Demo: Accept suggested changes from a code review:#

Steps:#

  1. To accept the code changes that you provided as suggestions, revisit the Pull Requests tab of your copy of the repository and clicking on the pull request titled “Report most accomplished pilots”. Scroll through the pull request comments and find the code suggestions. Then click on the “Commit suggestion button” for each suggestion.

  2. Click on the “Show all reviewers” link beside the red “Changes requested”” text. Then click on the ... beside the reviewer and click “Approve changes”.

  3. Finally click on the green buttons (“Merge Pull Request” & “Confirm merge”) to merge the pull request.

Discussion:#

Could I have done the entire code review well by just reviewing it on GitHub?

Hint: if I didn’t tell you that the top pilot was Obi-Wan Kenobi, how would you have known that?
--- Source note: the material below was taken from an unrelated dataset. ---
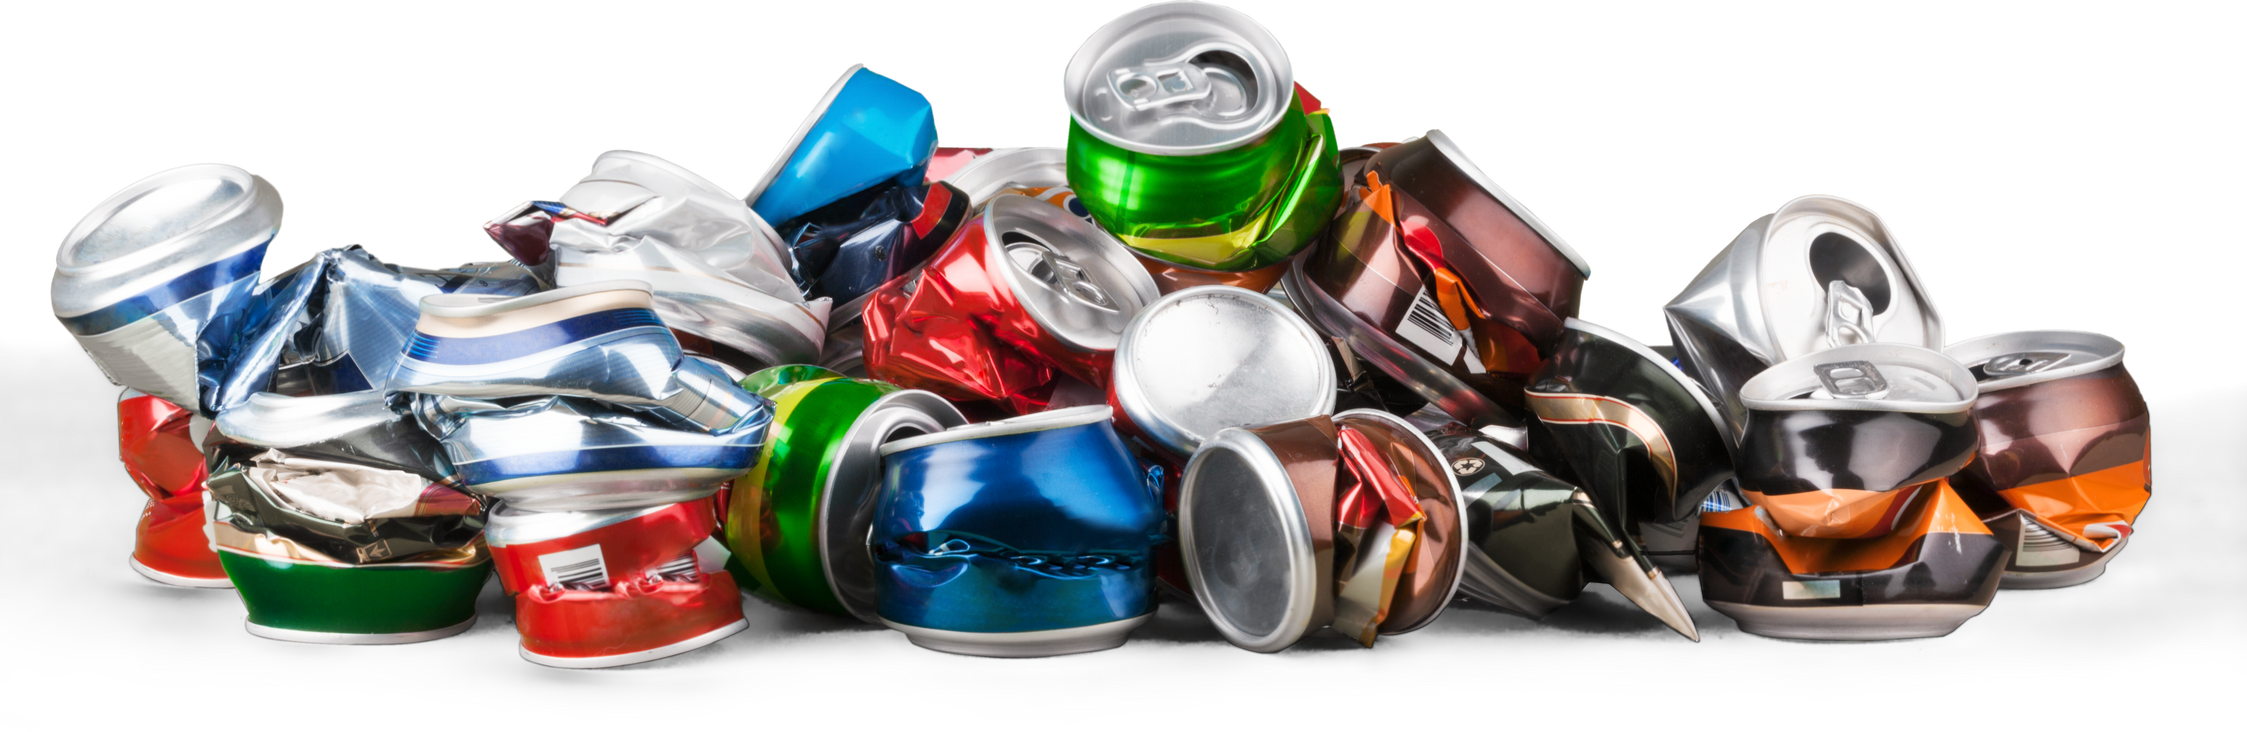 Crushed Aluminum Cans 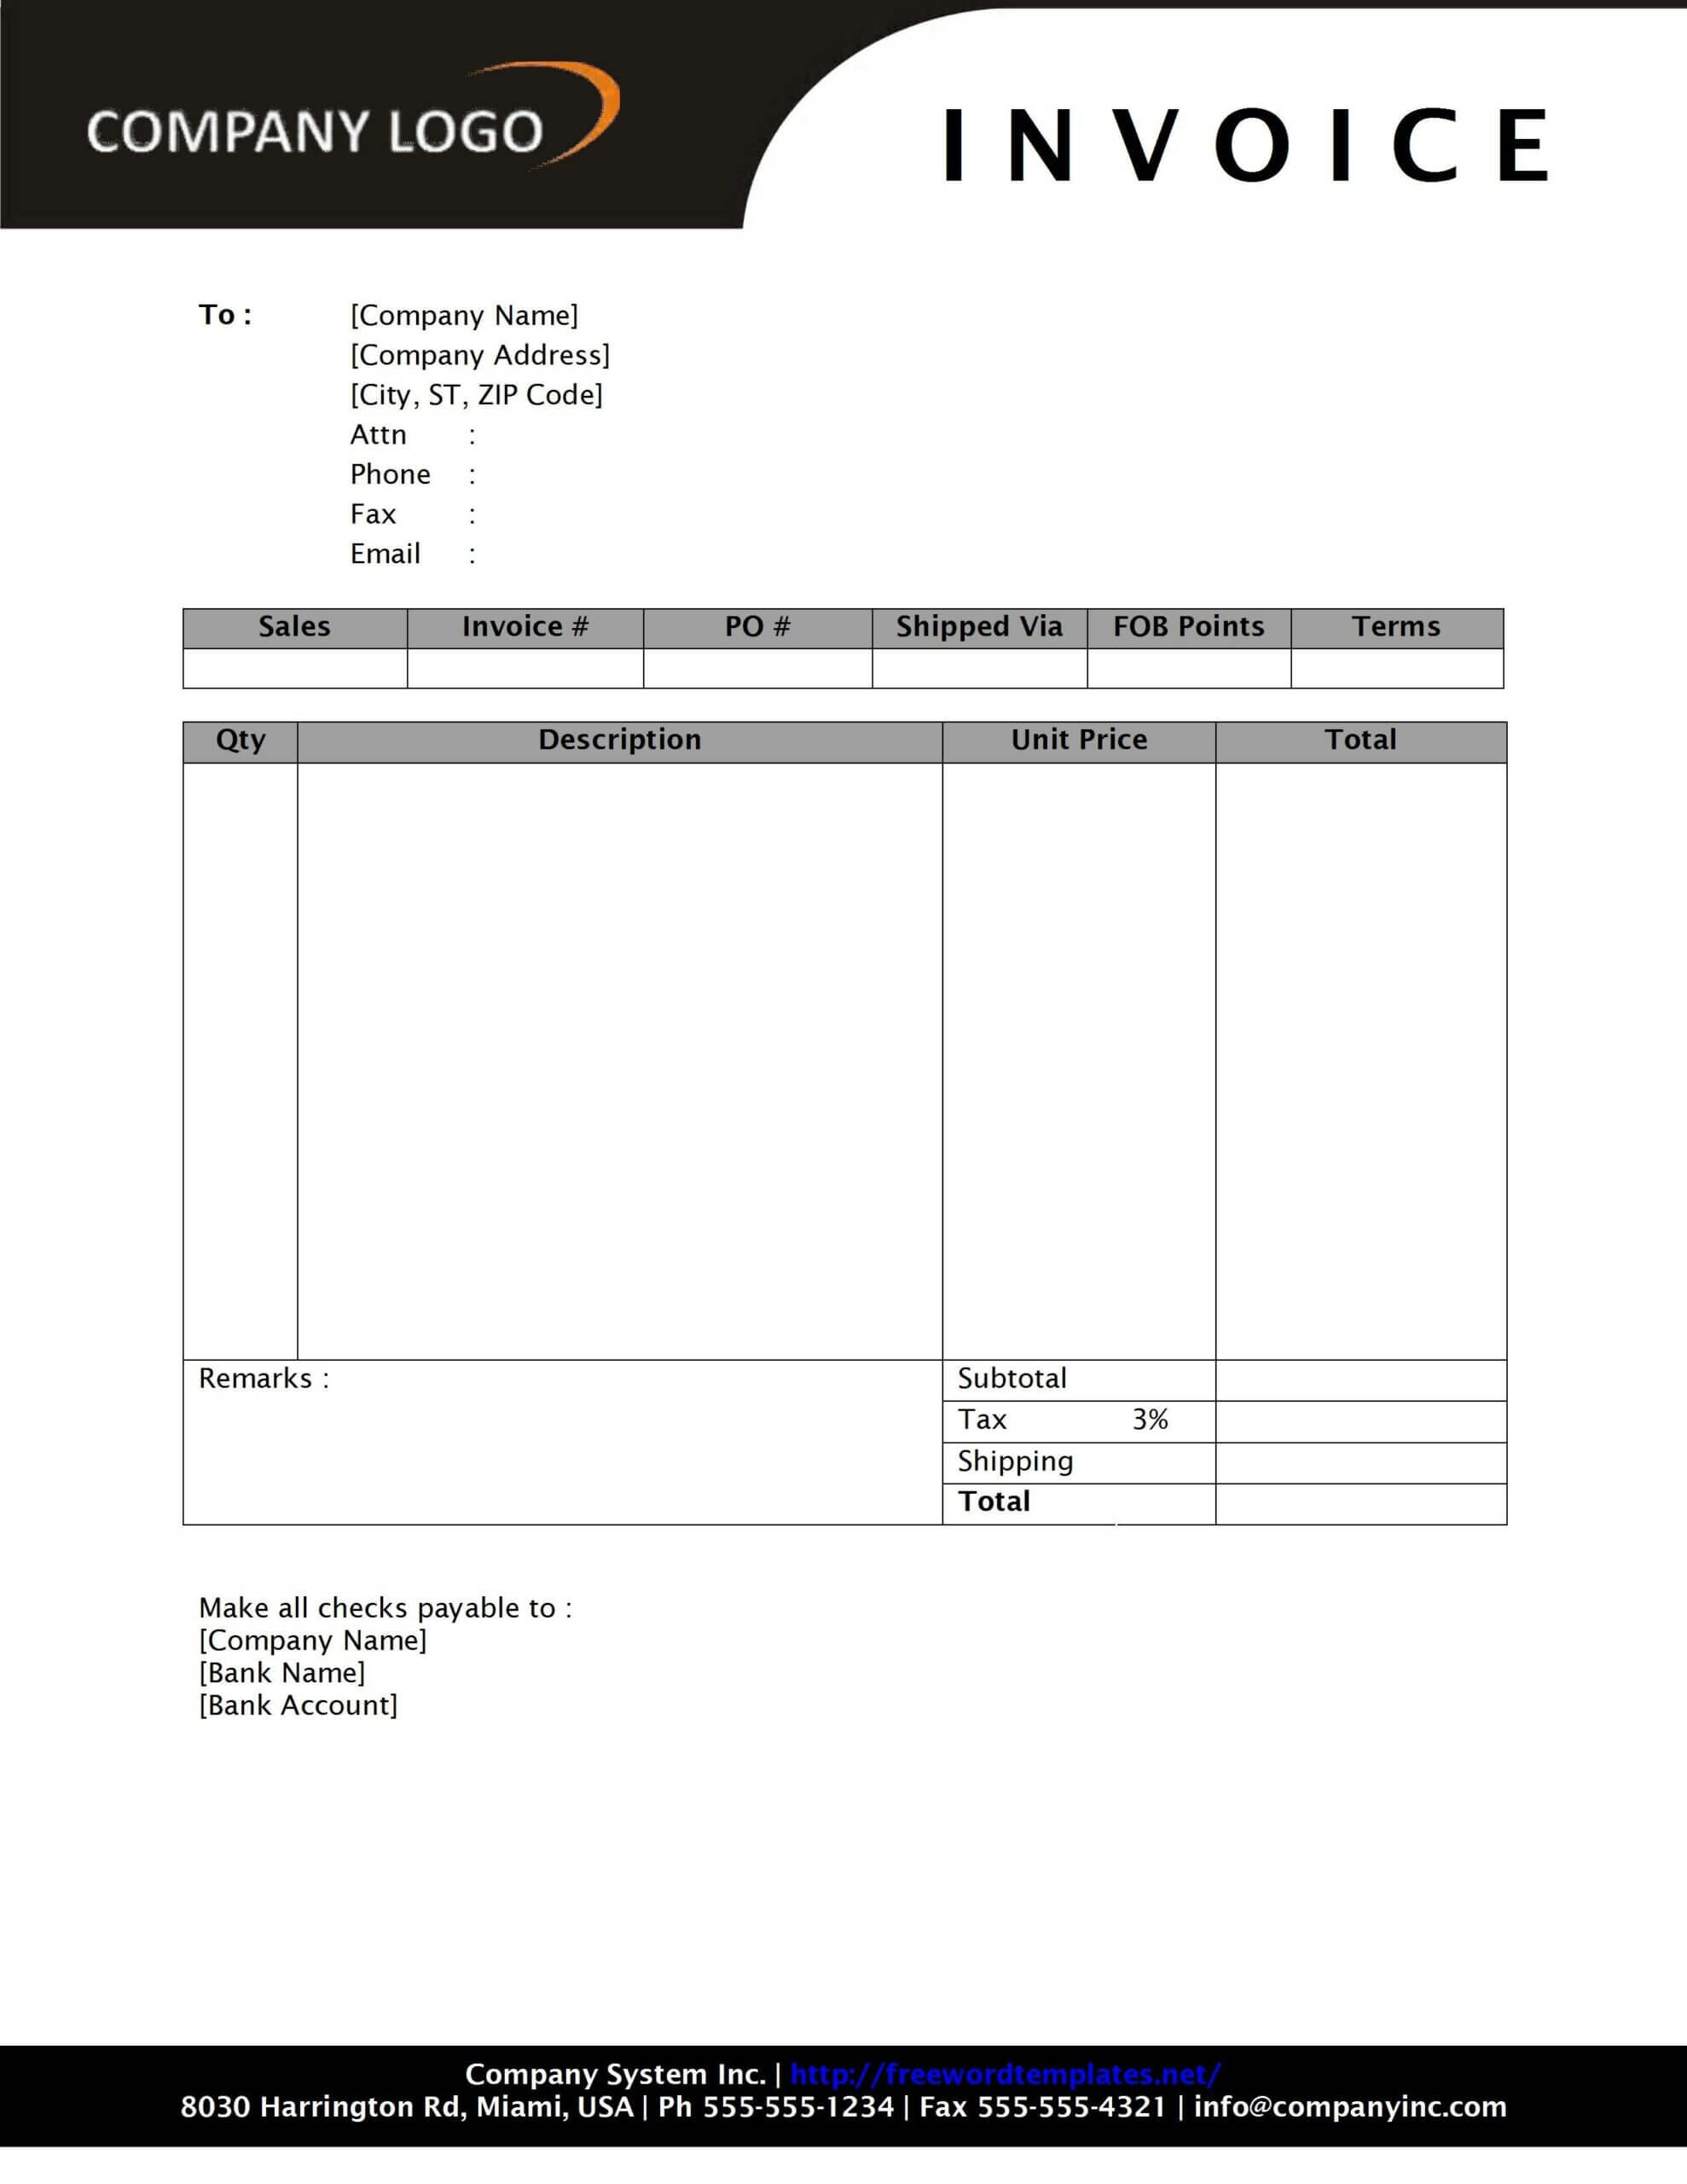 Free Invoice Template Downloads Invoice Template Free 2016 In Free Downloadable Invoice Template For Word

Useful things you can do with branches on GitHub#

Create a new branch:

../../_images/create_branch.png

Source: UBC-DSCI/introduction-to-datascience

View all branches and their status:

../../_images/view_branches.png

Source: UBC-DSCI/introduction-to-datascience

And delete remote branches:

../../_images/delete_branches.png

Source: UBC-DSCI/introduction-to-datascience

How do you not accept a pull request?#

In some cases, it might not make sense to merge a pull request. To close a pull request that should not be merged, scroll to the bottom of the pull request page, and look for a gray “Closes pull request” button. This will end move the pull request to the closed pull requests section (similar to closed issues) and does not merge the changes.

../../_images/close-pr.png

Git and GitHub flow#

Branching generally works well if a team agrees to and follows a consistent workflow. The two leading workflows used in industry are Git flow and GitHub flow. We will describe and discuss both here so you are aware of both, and we will employ GitHub flow in our projects for this course.

GitHub Flow#

Key features:

  • A single “main” branch that also serves as the deployment branch, we call this main.

  • Every new contribution is done on a new branch (with a meaningful name) created from main.

  • Contributions from that new branch are sent back to main by means of a pull request, which ideally is reviewd & tested before merging.

(note: at the time this figure was made, the default branch on GitHub as still called the master branch)

https://files.programster.org/tutorials/git/flows/github-flow.png

Source: https://blog.programster.org/git-workflows

Git Flow#

Key features:

  • Two “main” branches that last forever, main for deployment and develop where things are tested before they are released to main.

  • Three supporting branches: feature, release & hotfix. Both feature & release branches are created from develop. feature branches should be merged into develop before they are incorporated into a release. release branches eventually get merged into main after adequate review and testing.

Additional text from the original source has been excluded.